--- START ---

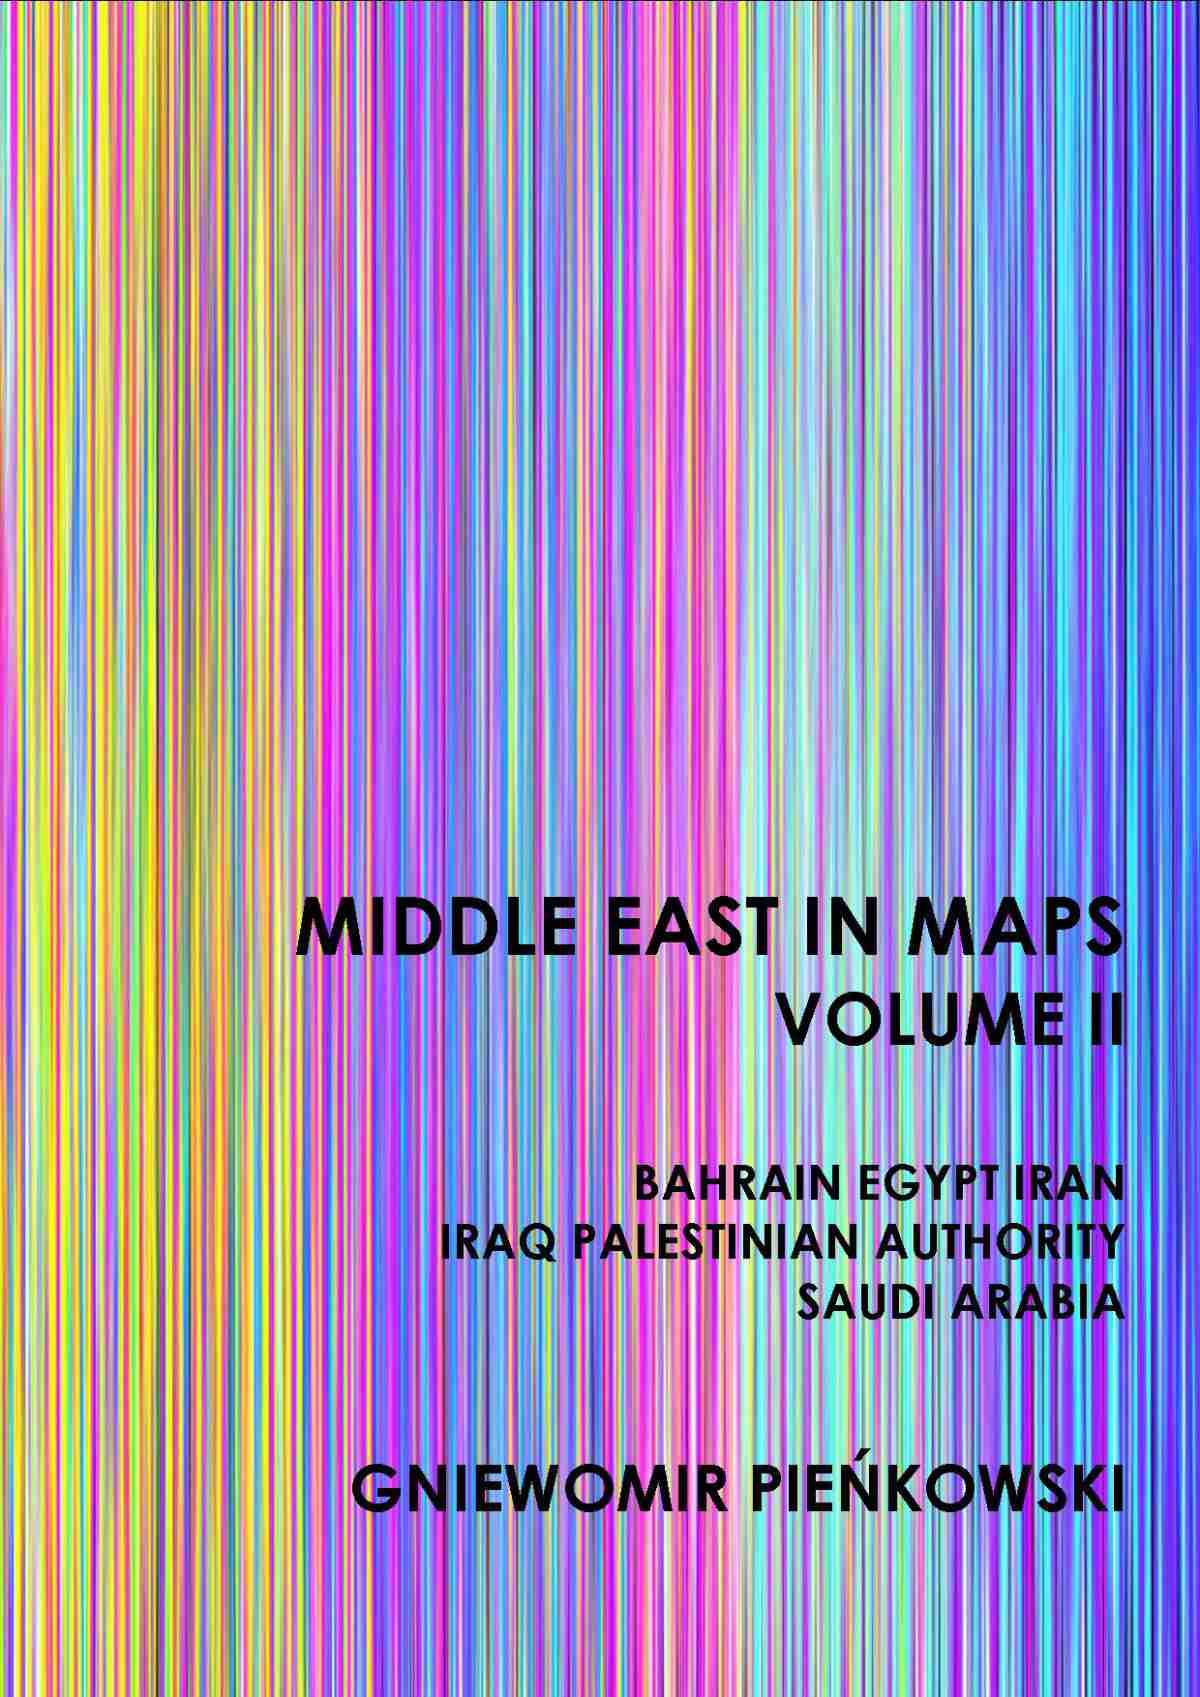 Middle East in Maps. Volume II: Bahrain, Egypt, Iran, Iraq, Palestine Authority, Saudi Arabia - Ebook (Książka PDF) do pobrania w formacie PDF
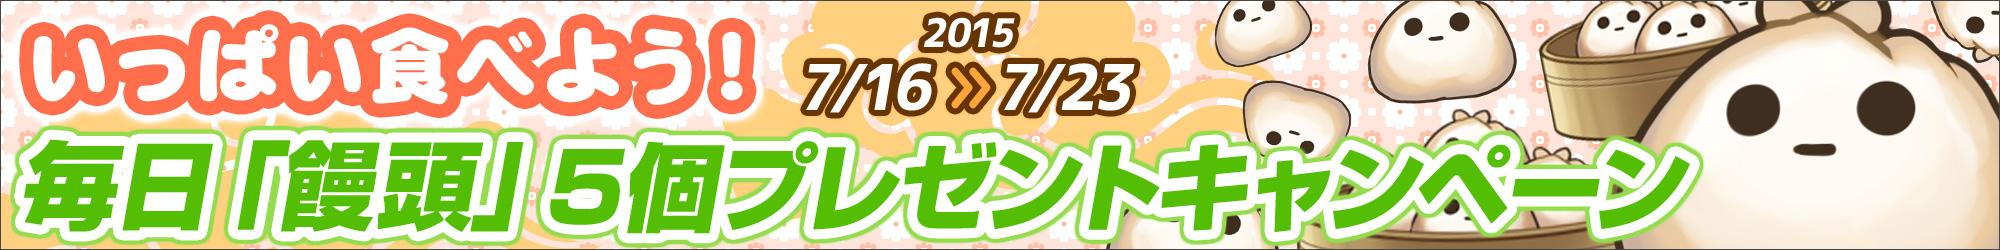 【リリース記念】いっぱい食べよう!毎日「饅頭」5個プレゼントキャンペーン!
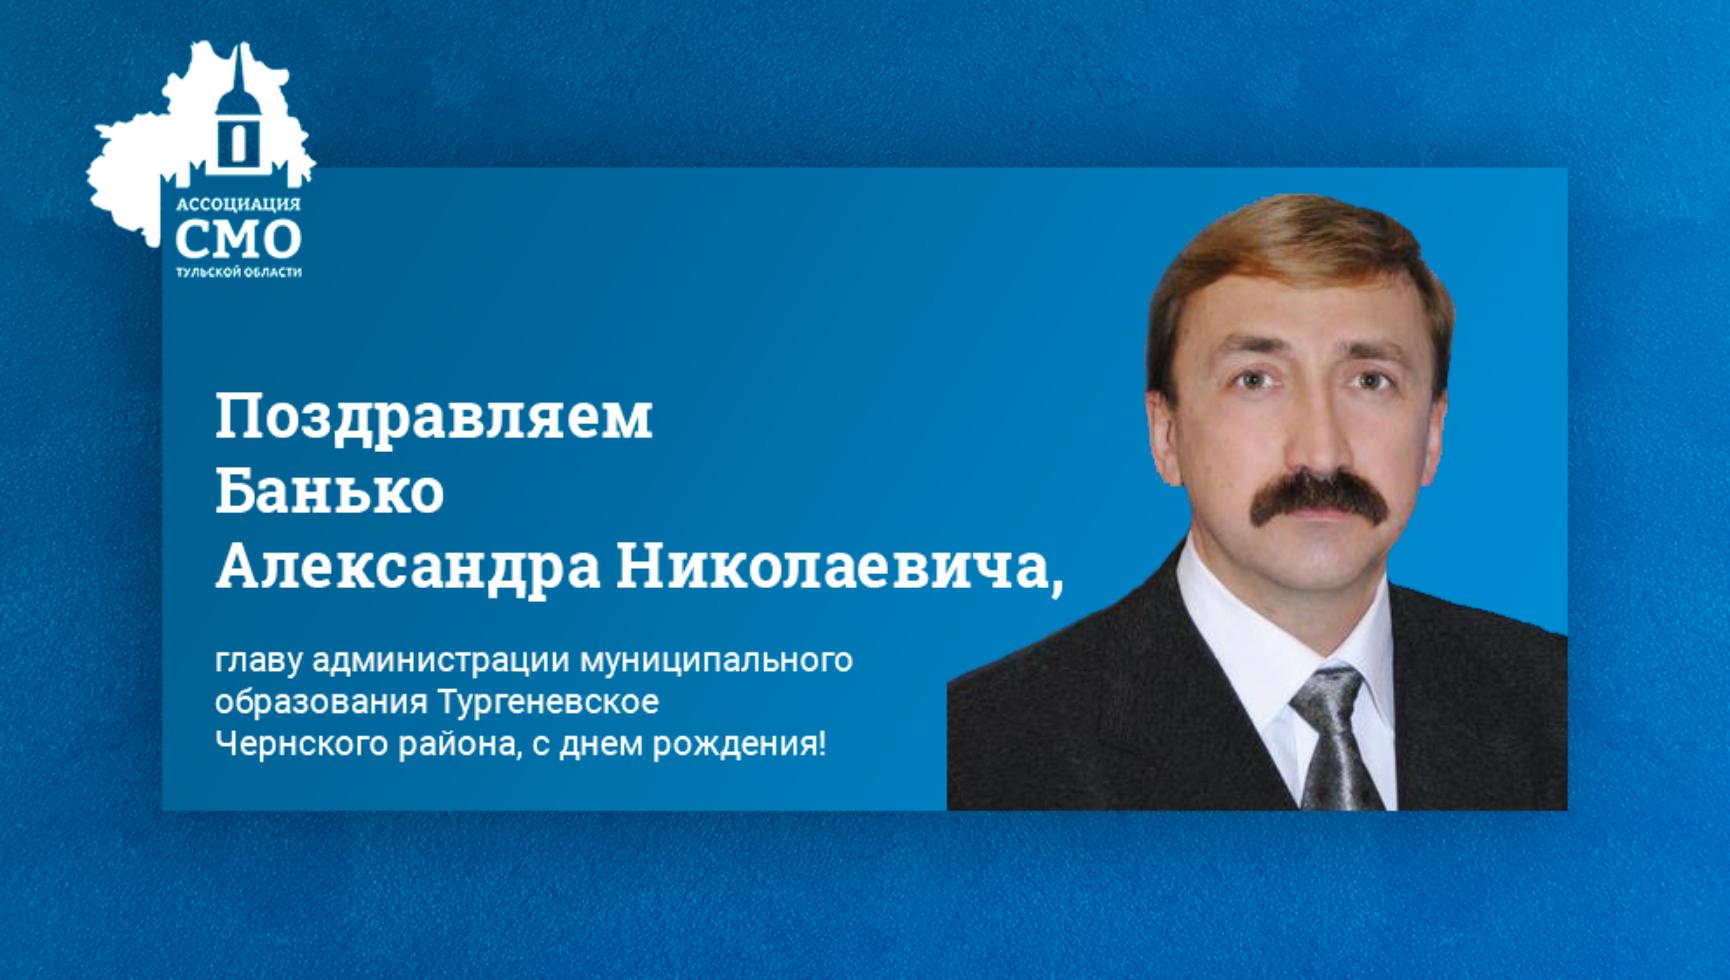 Поздравляем Банько Александра Николаевича, главу администрации муниципального образования Тургеневское Чернского района, с днем рождения!
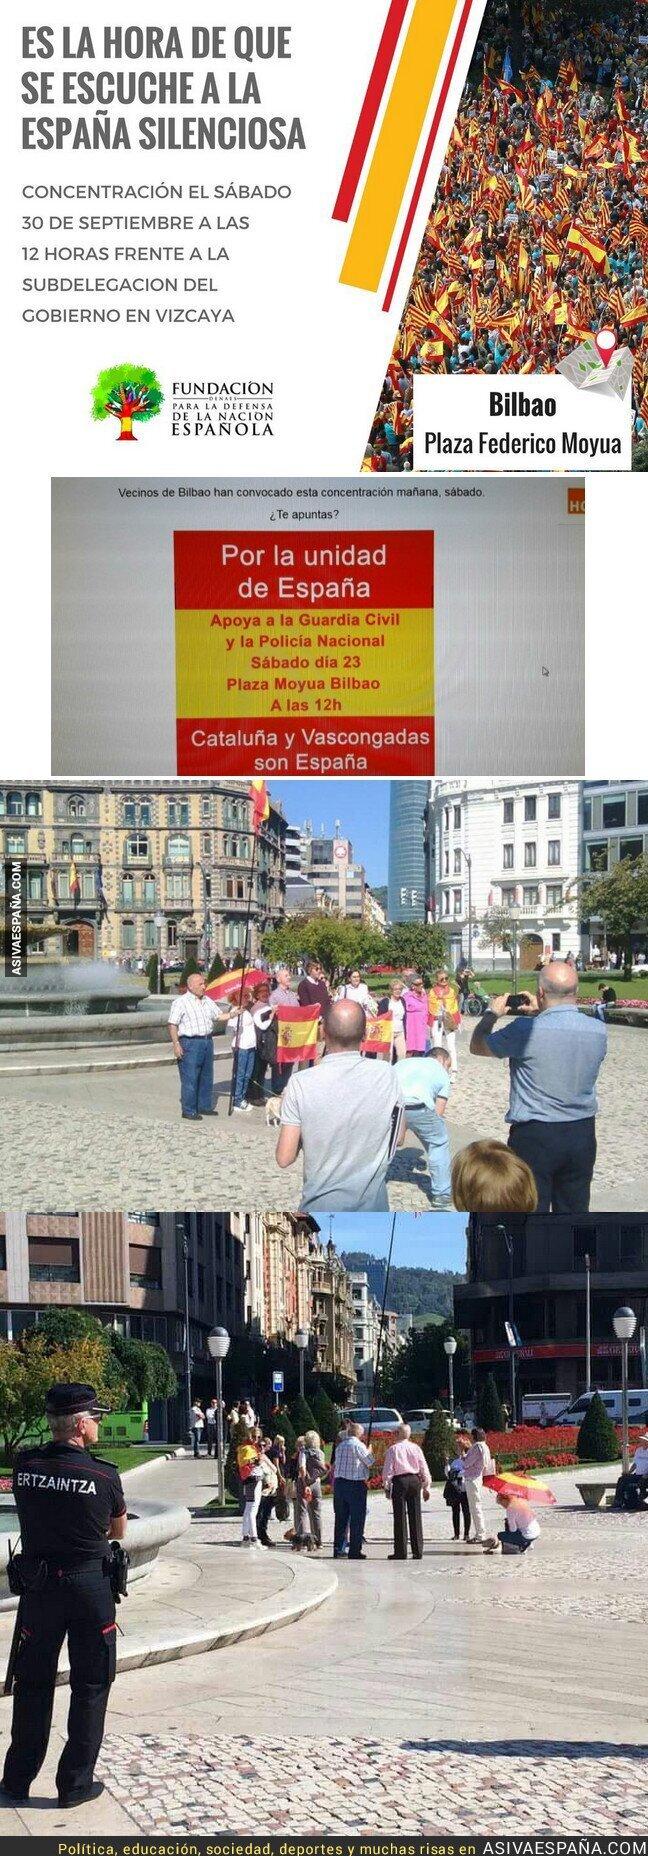 75521 - Monumental éxito en quedada por la unidad de España
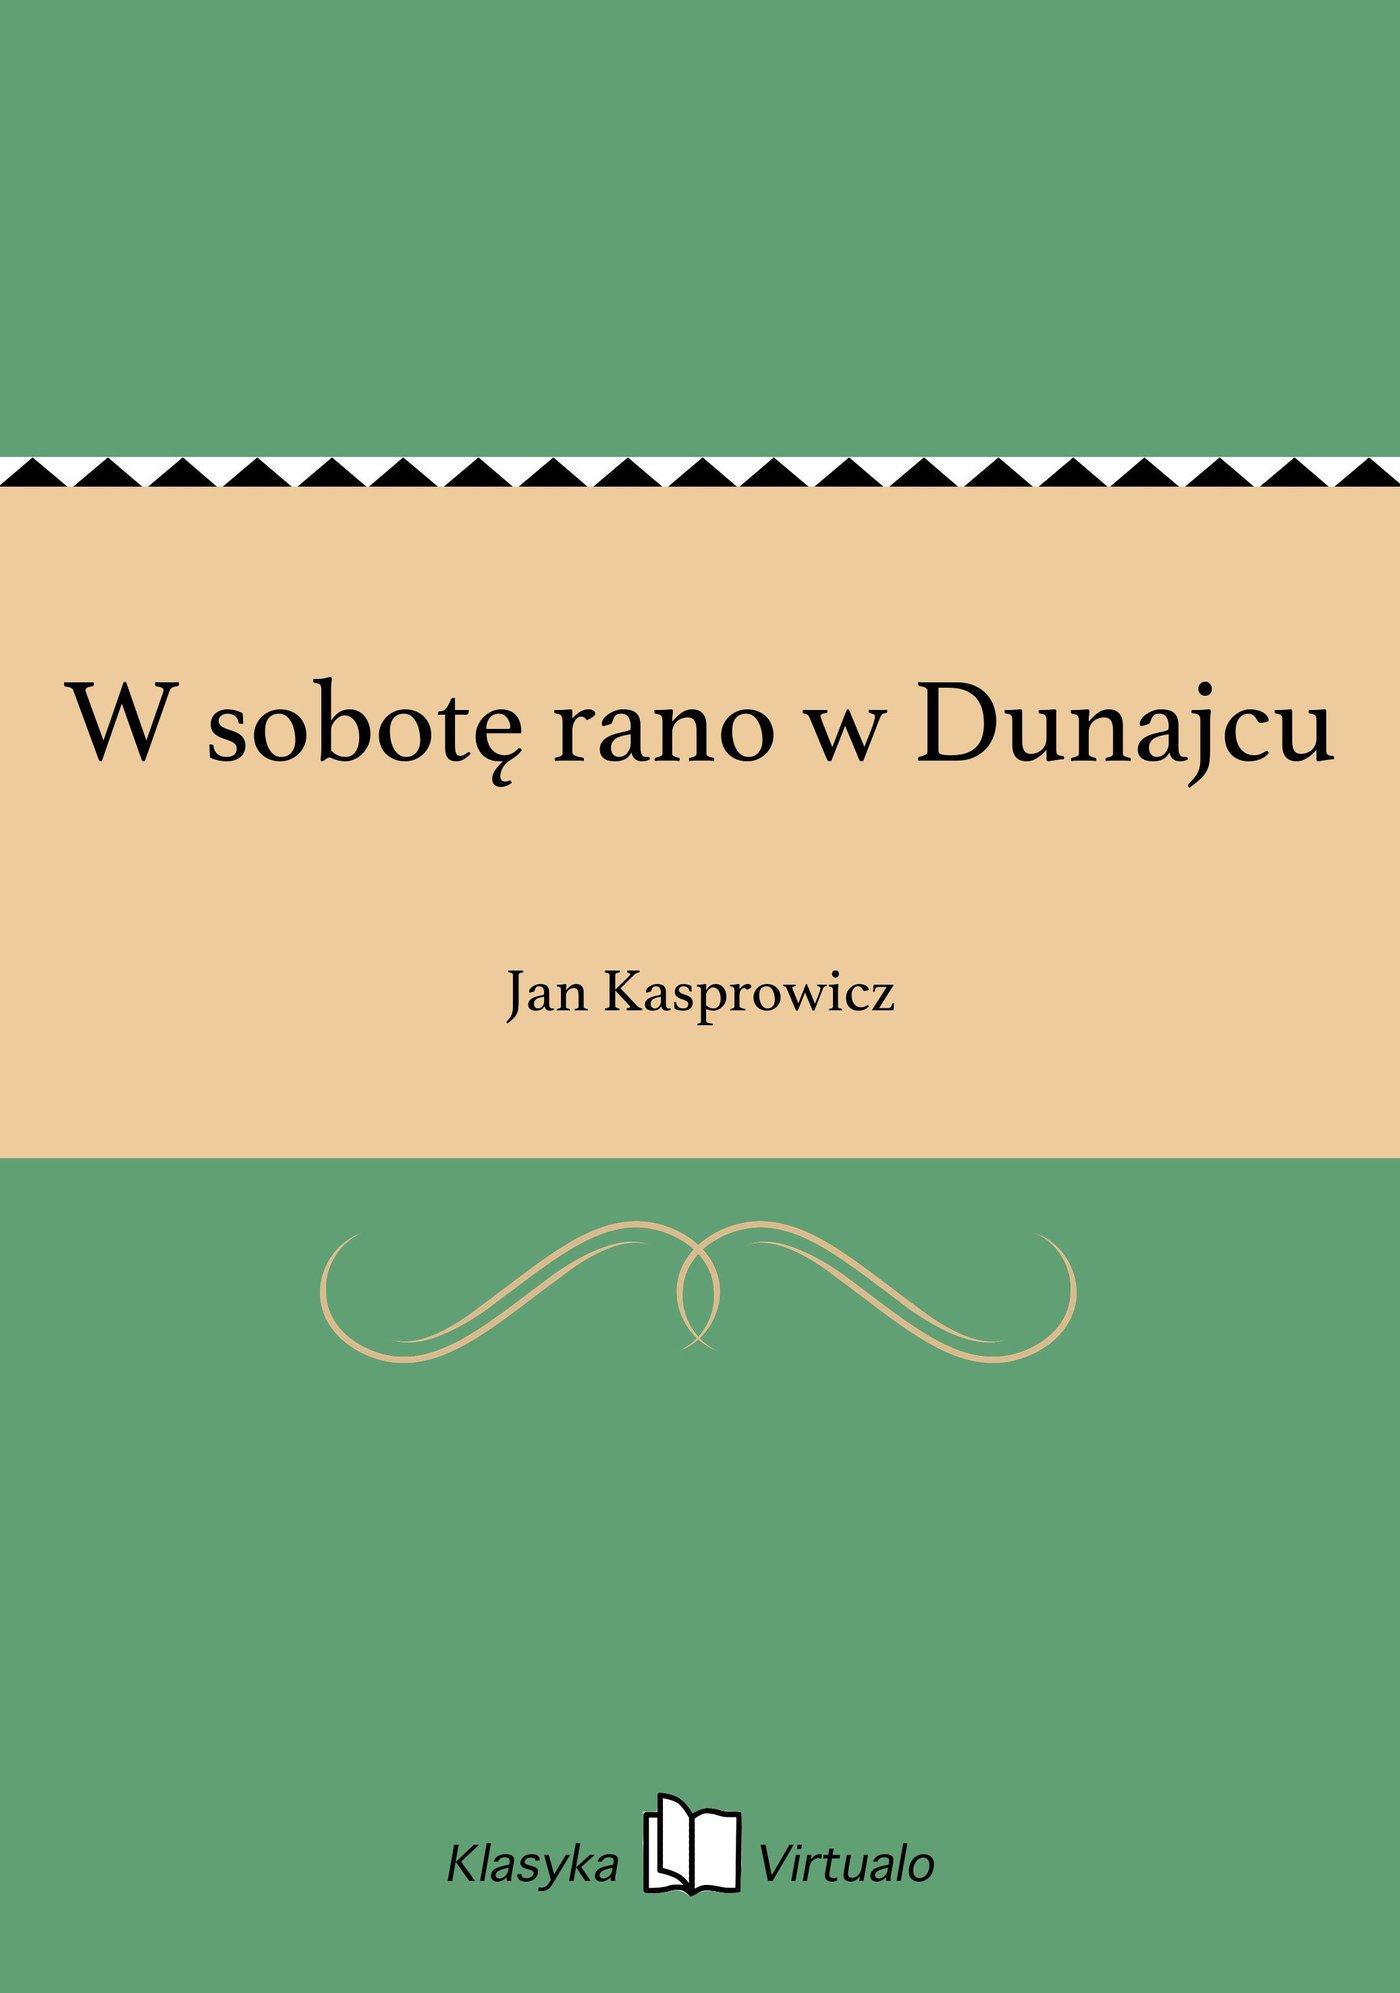 W sobotę rano w Dunajcu - Ebook (Książka EPUB) do pobrania w formacie EPUB

--- END ---

EXERCISE GOAL: Output each record above exactly; omit the images.

WRITTEN RESPONSE:
 Middle East in Maps. Volume II: Bahrain, Egypt, Iran, Iraq, Palestine Authority, Saudi Arabia - Ebook (Książka PDF) do pobrania w formacie PDF
 【リリース記念】いっぱい食べよう!毎日「饅頭」5個プレゼントキャンペーン!
 Поздравляем Банько Александра Николаевича, главу администрации муниципального образования Тургеневское Чернского района, с днем рождения!
 75521 - Monumental éxito en quedada por la unidad de España
 W sobotę rano w Dunajcu - Ebook (Książka EPUB) do pobrania w formacie EPUB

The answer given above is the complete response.